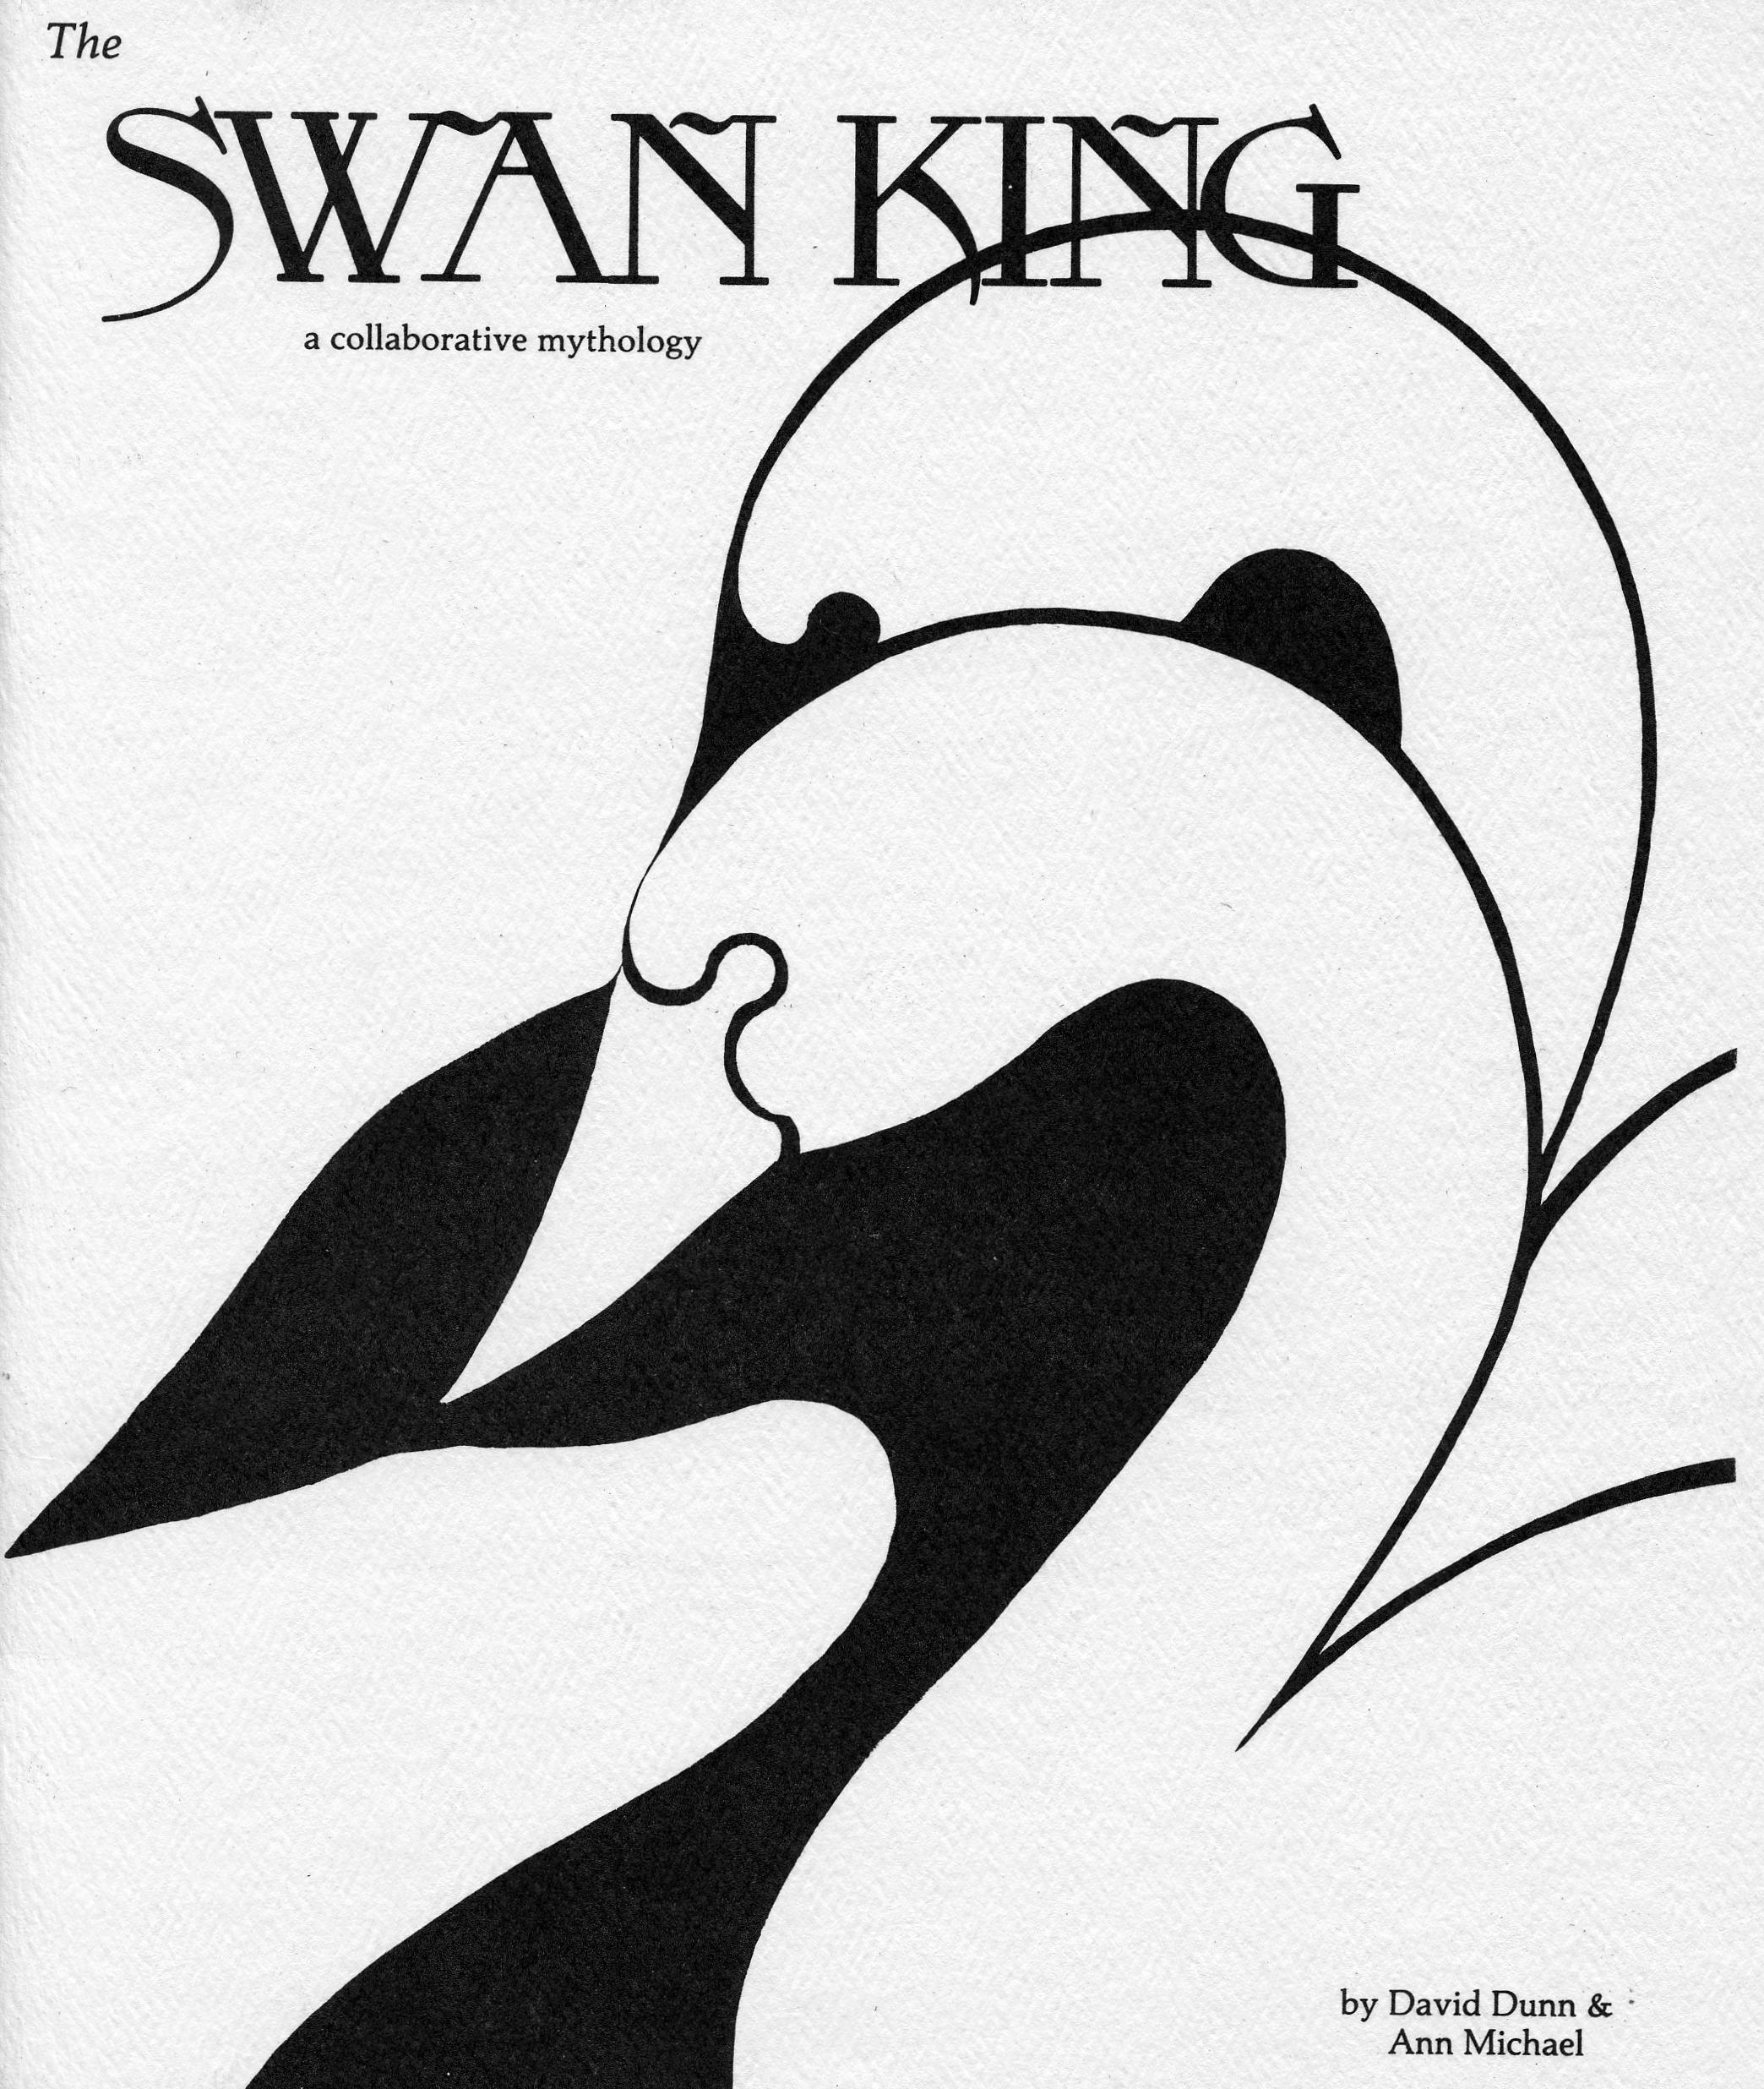 swan king001 copy
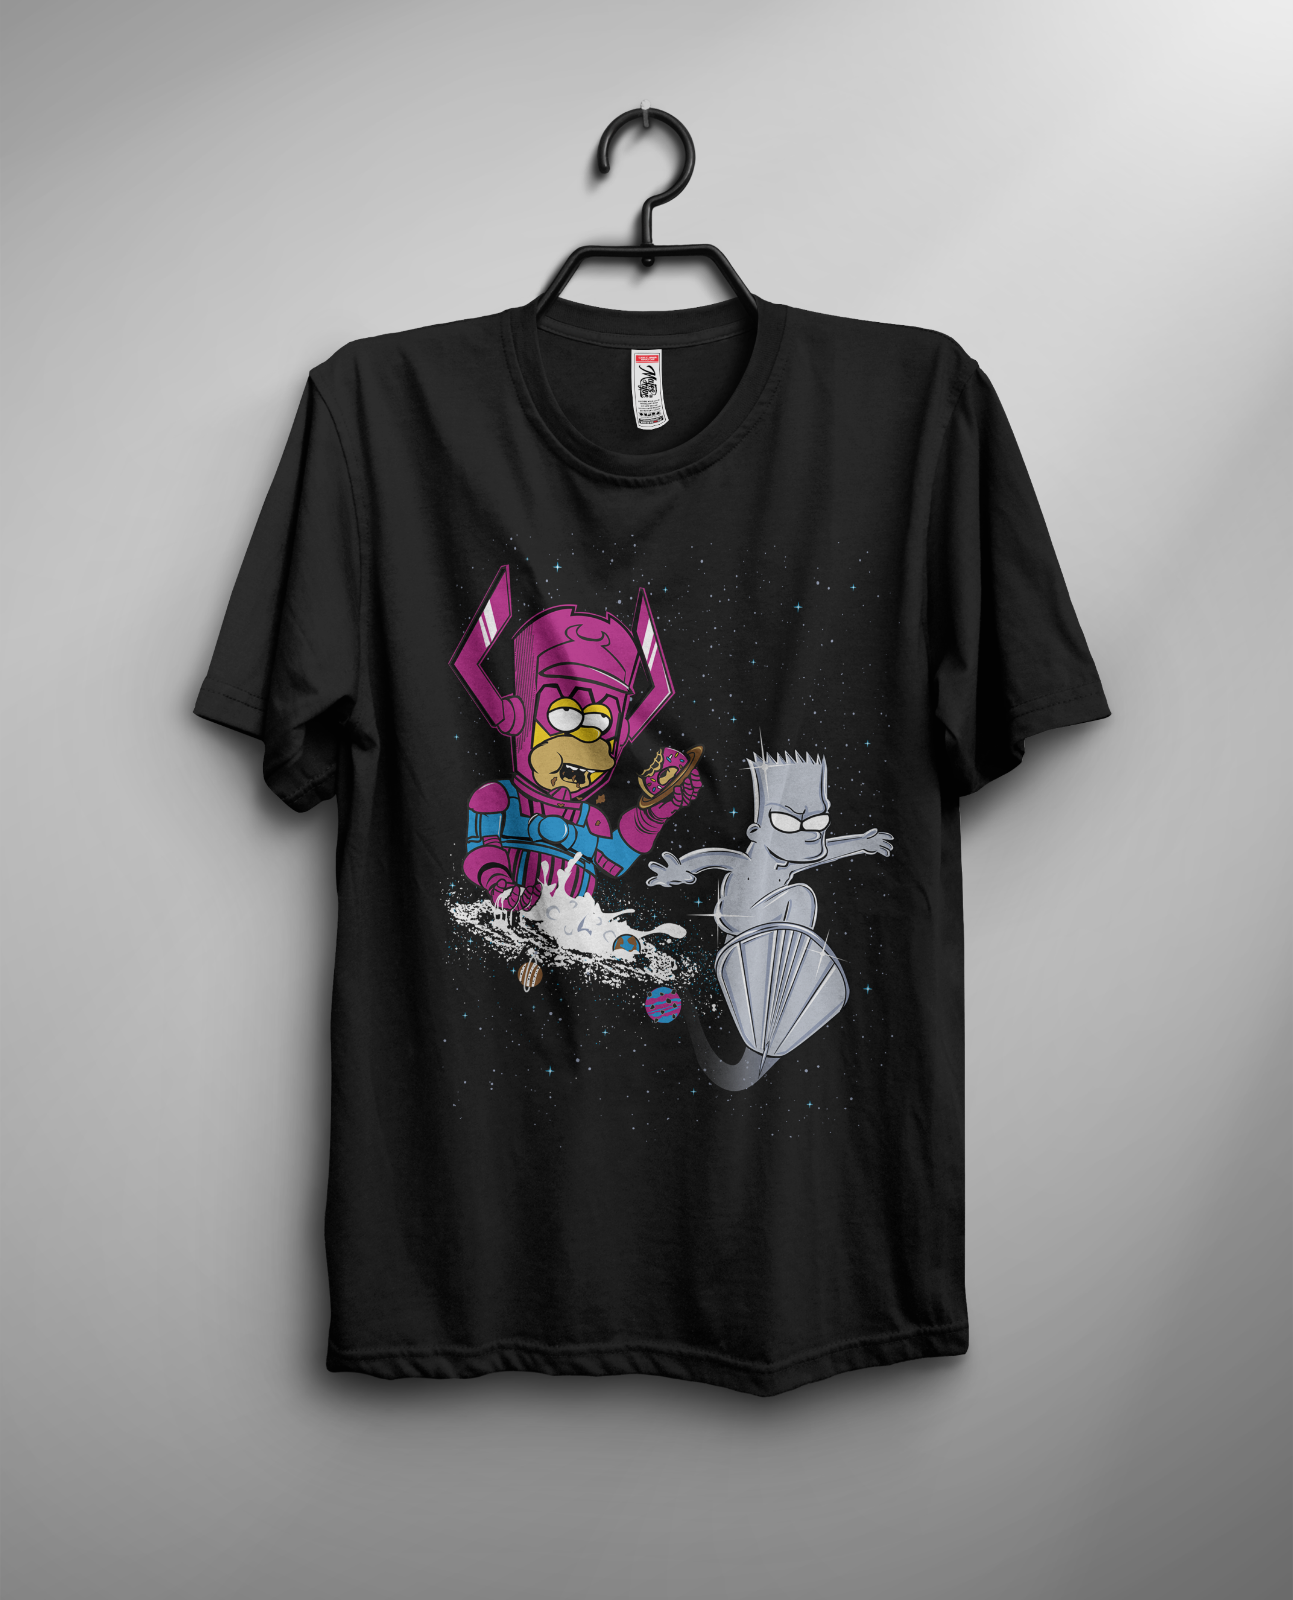 The Rad Surfer T-shirt Simpson Silver Surfer Galactus Bart Homer Comics FUnny Men Cotton T-Shirt Printed T Shirt Top Tee
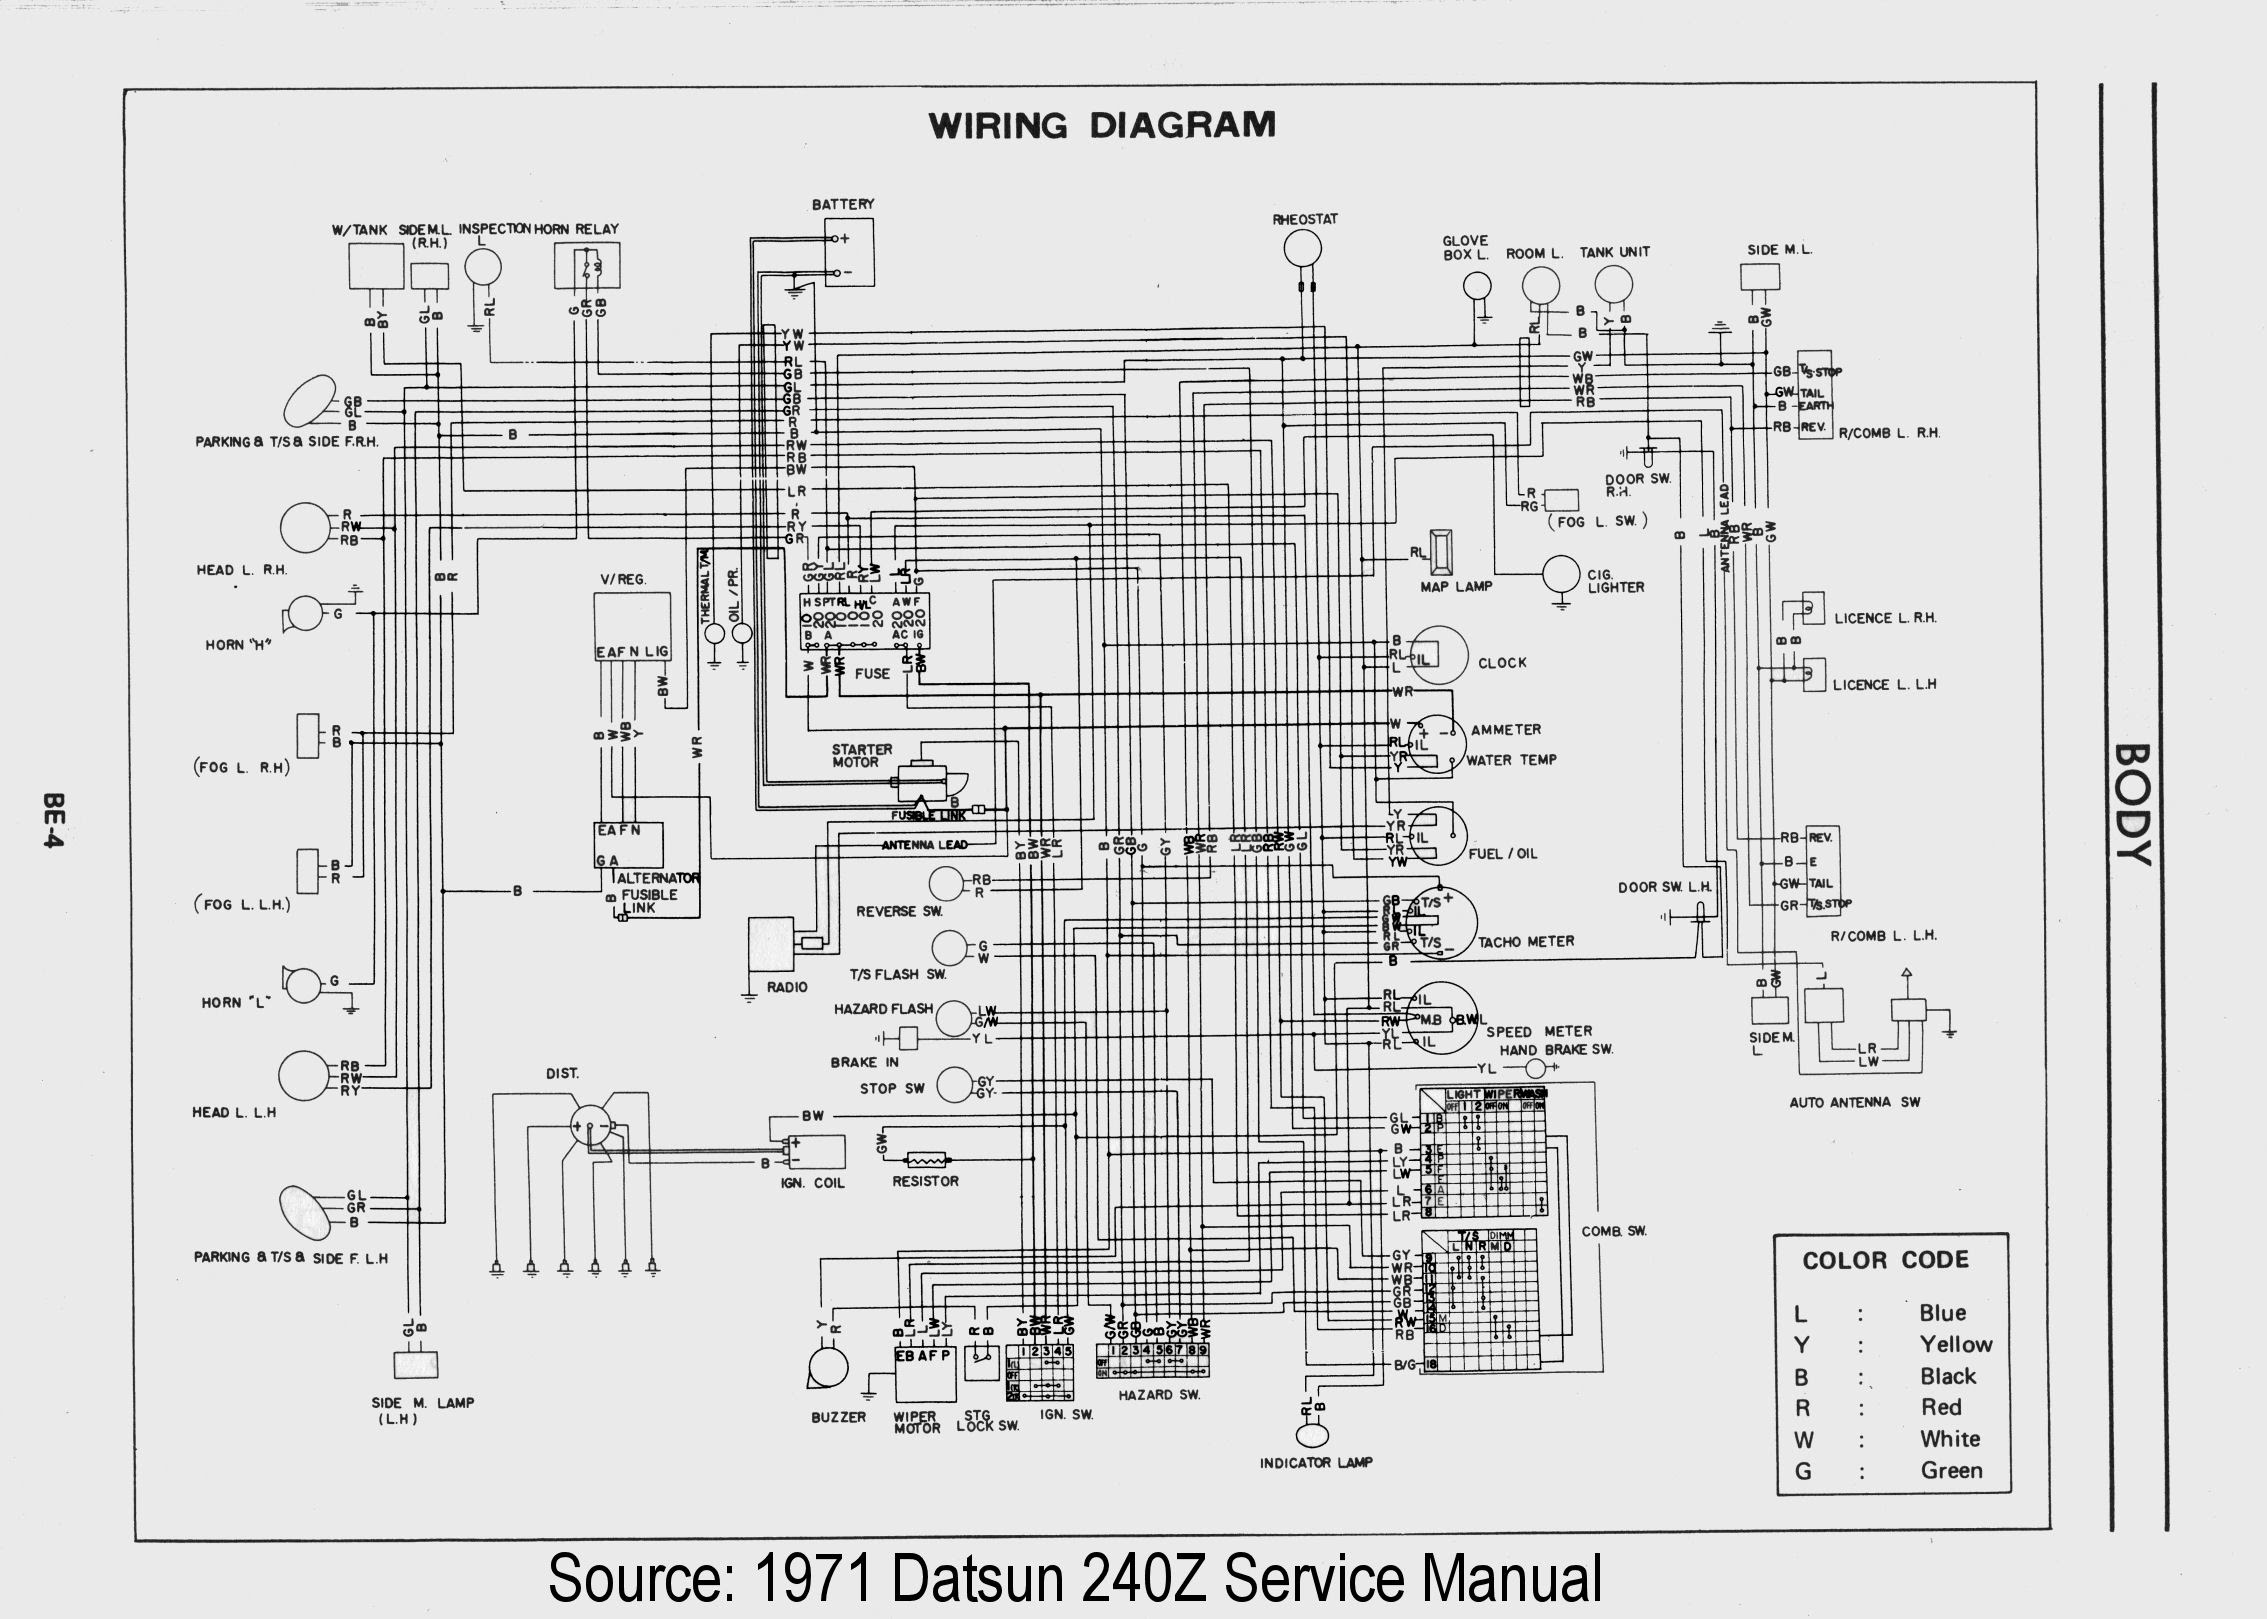 Supply Diagram Power Wiring Hp Ap15pc52

▶ _Work required_
Return the listing exactly as it appears, excluding any image.

▶ _Answer to the exercise_
 swan king001 copy
 The Rad Surfer T-shirt Simpson Silver Surfer Galactus Bart Homer Comics FUnny Men Cotton T-Shirt Printed T Shirt Top Tee
 Supply Diagram Power Wiring Hp Ap15pc52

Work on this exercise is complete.